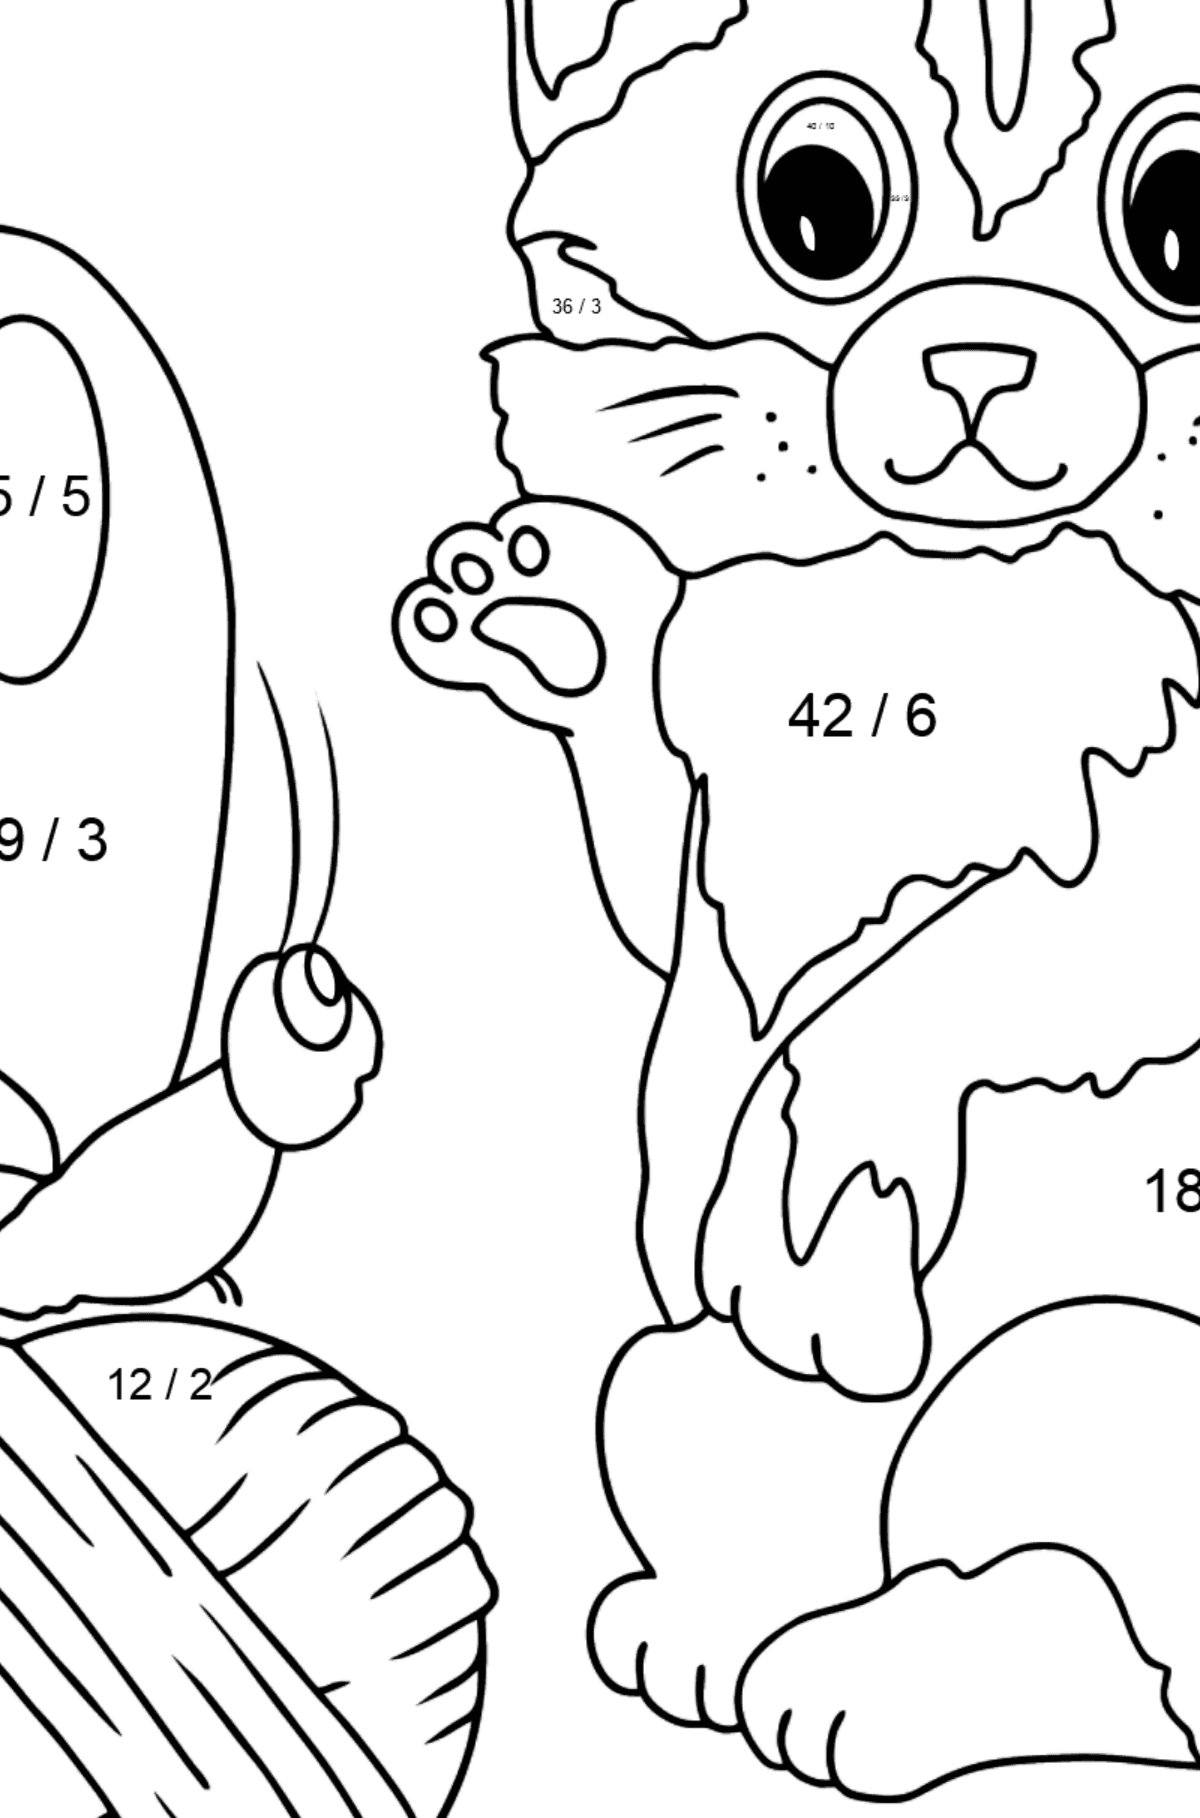 Disegno da colorare di gattino - Colorazione matematica - Divisione per bambini
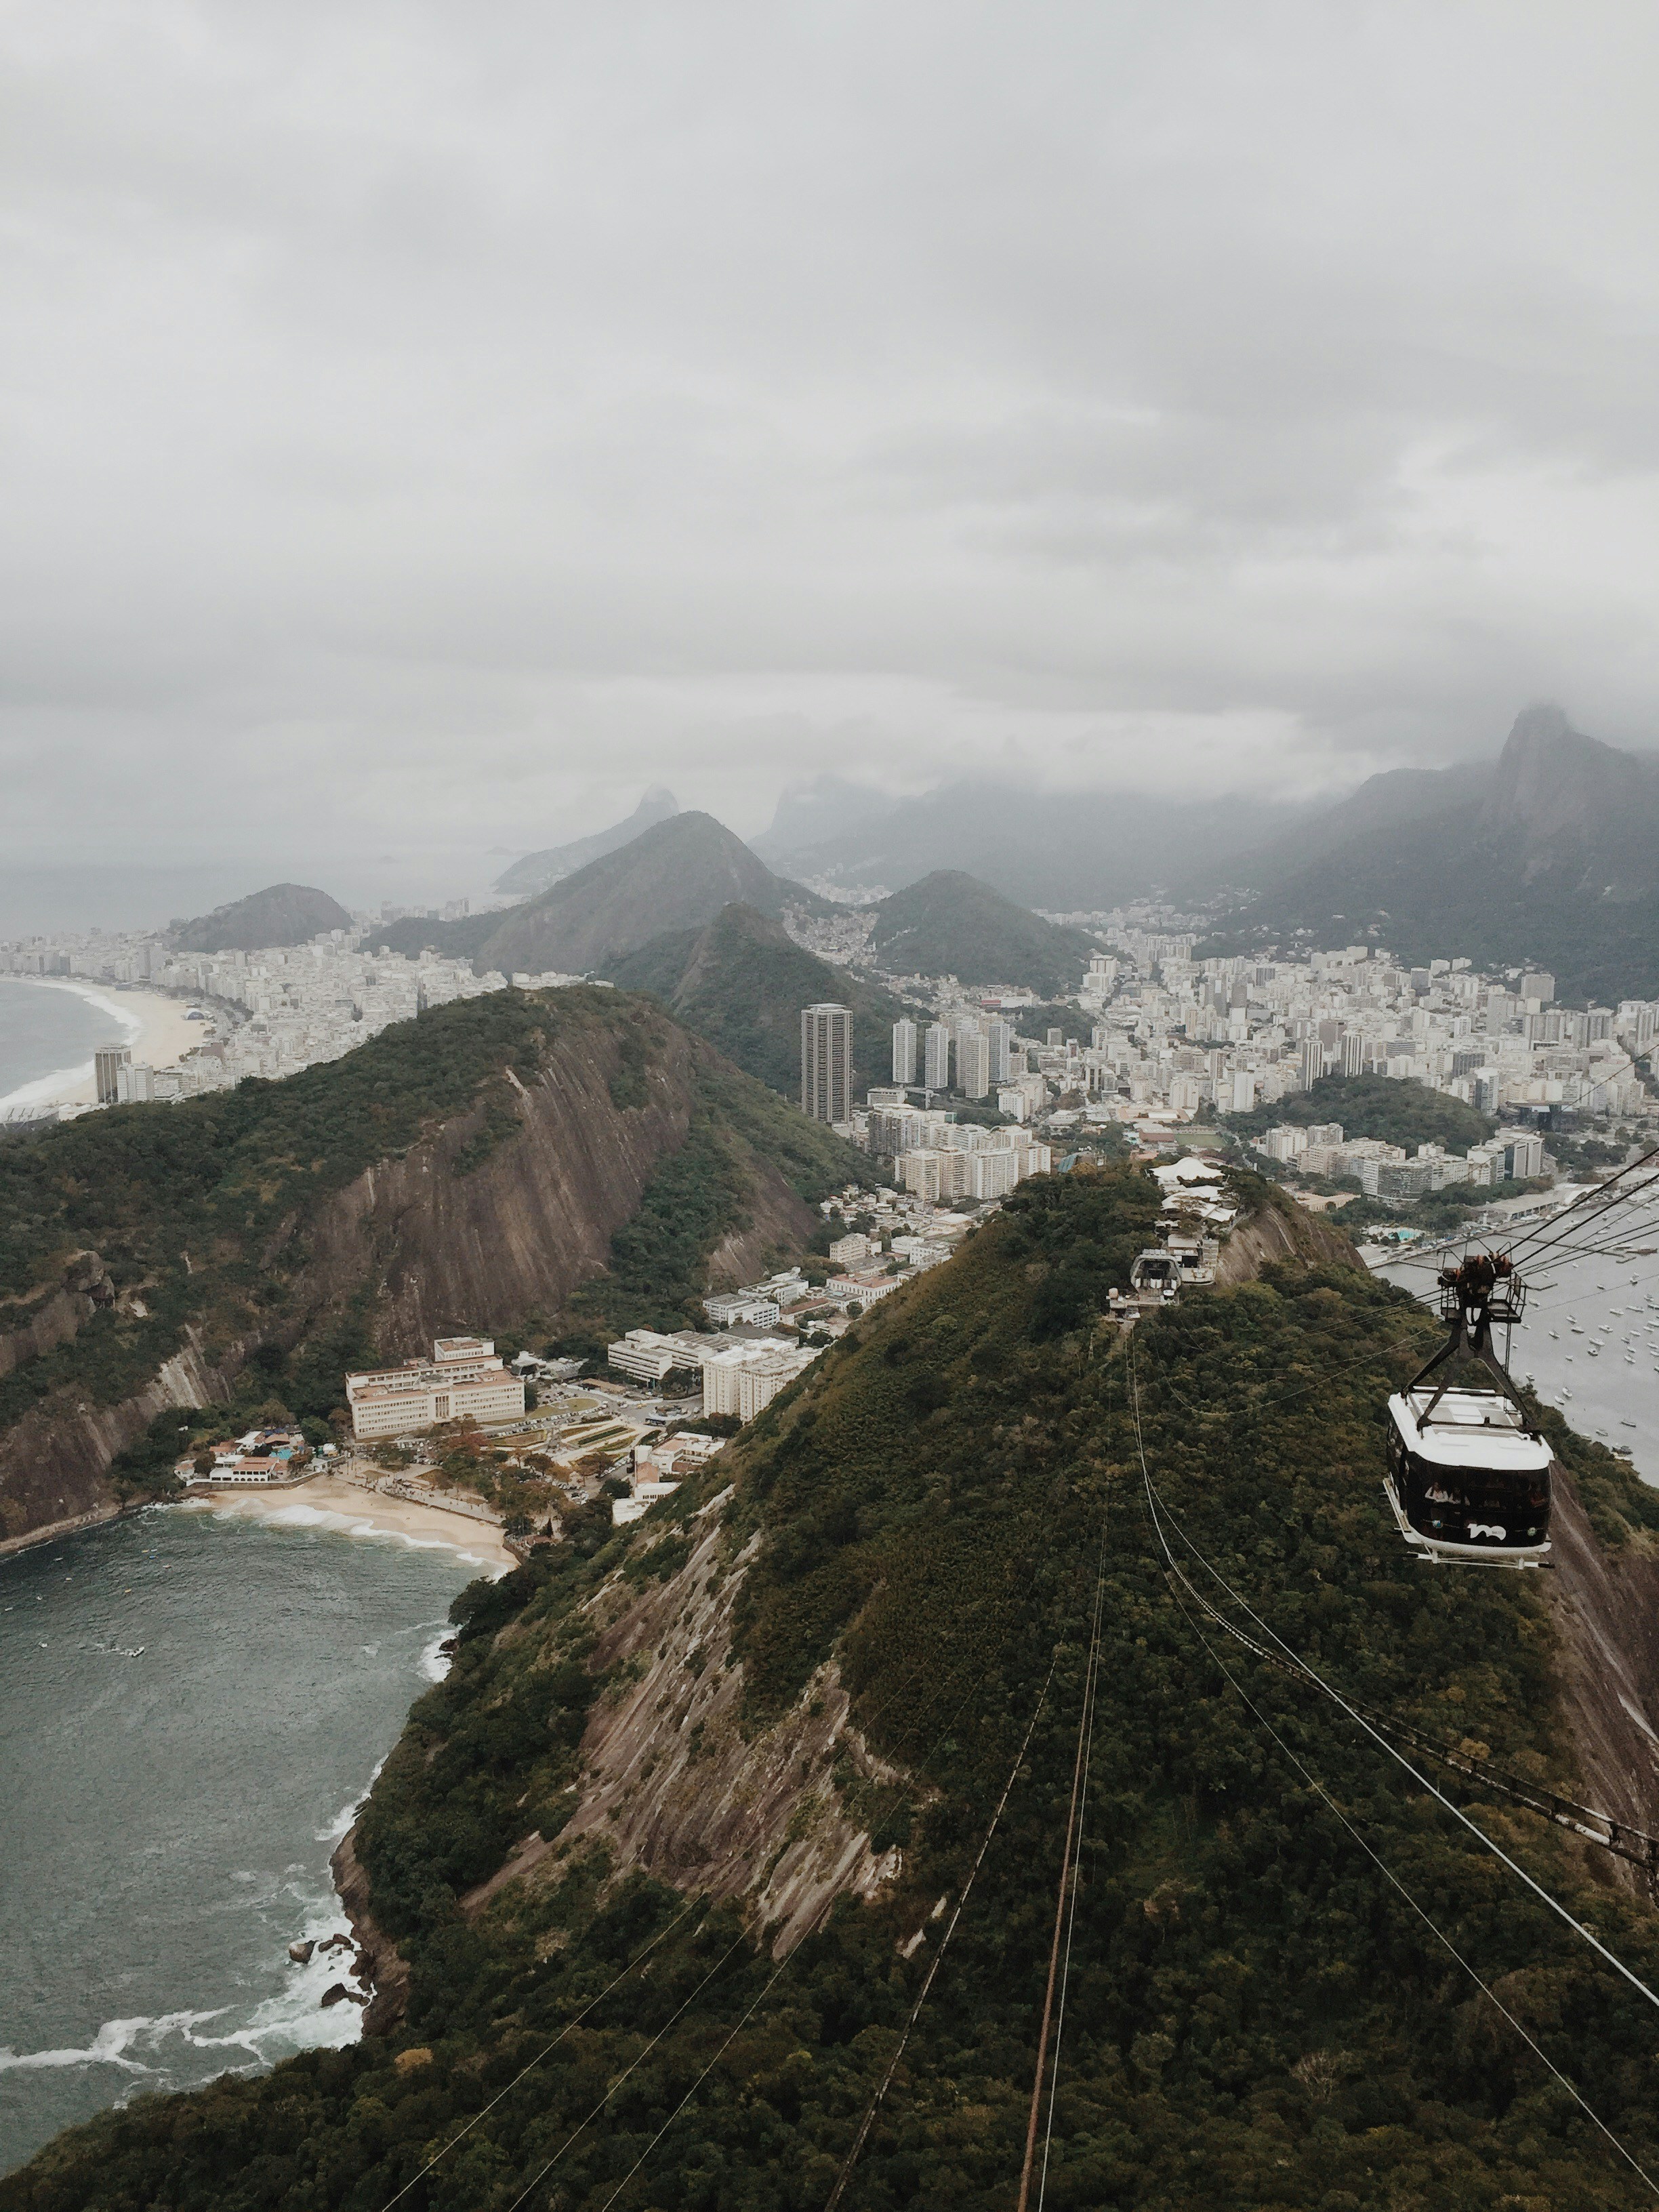 Incredible view from the “pan de azucar” mountain in Rio de Janeiro
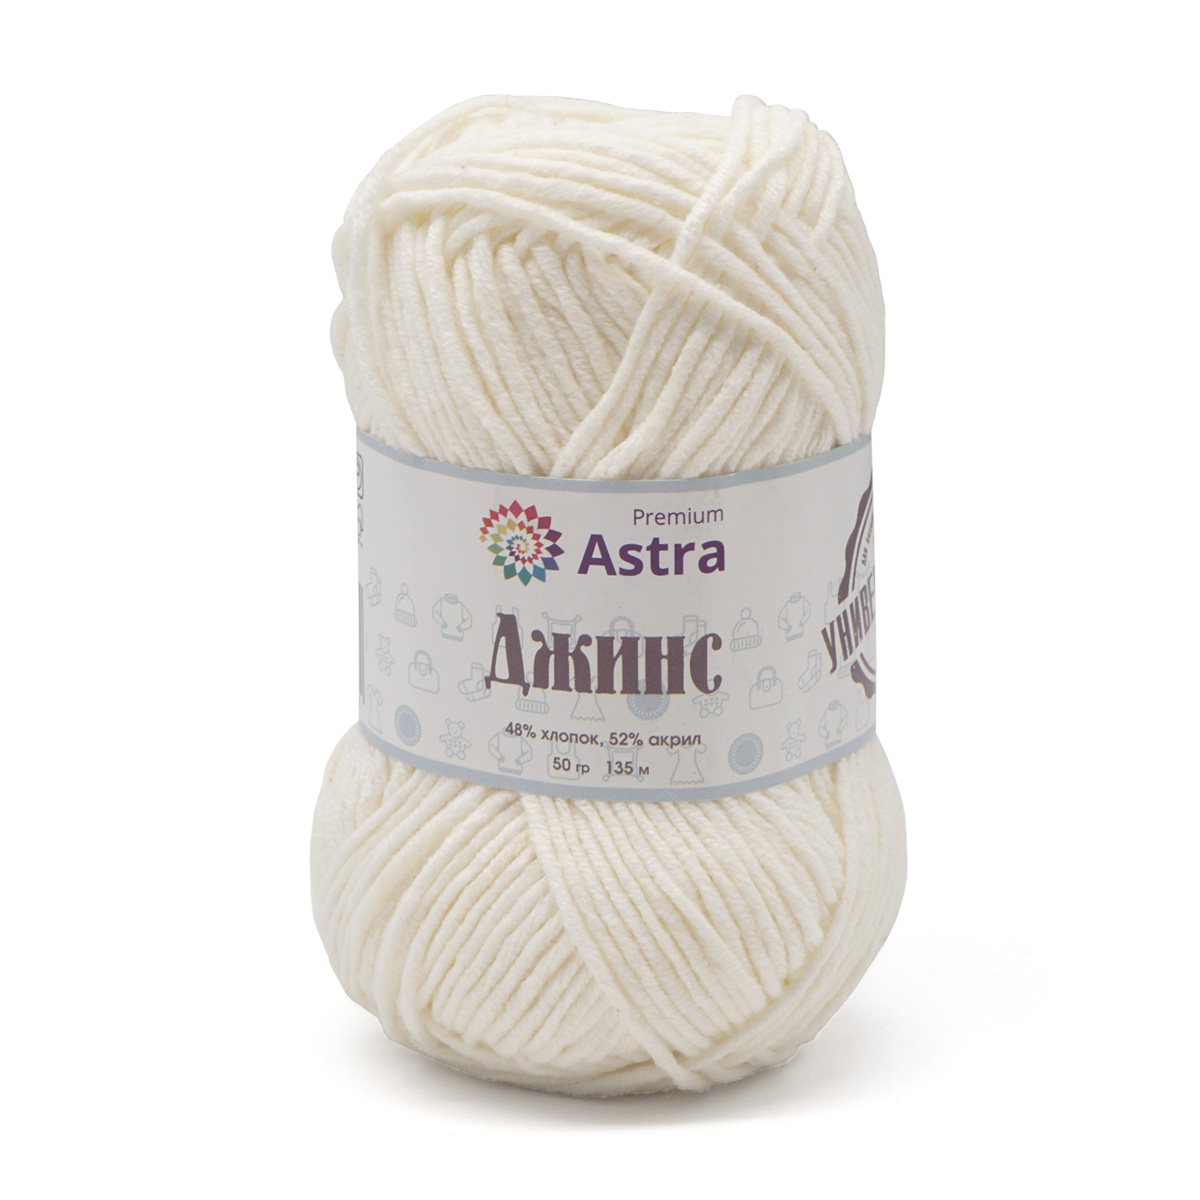 Пряжа для вязания Astra Premium джинс для повседневной одежды акрил хлопок 50 гр 135 м 020 молочный 4 мотка - фото 9

• **PROBLEM**
Write out the data once more exactly, omitting the pictures.

• **ANSWER TO THIS PROBLEM**
 Disegno da colorare di gattino - Colorazione matematica - Divisione per bambini
 Incredible view from the “pan de azucar” mountain in Rio de Janeiro
 Пряжа для вязания Astra Premium джинс для повседневной одежды акрил хлопок 50 гр 135 м 020 молочный 4 мотка - фото 9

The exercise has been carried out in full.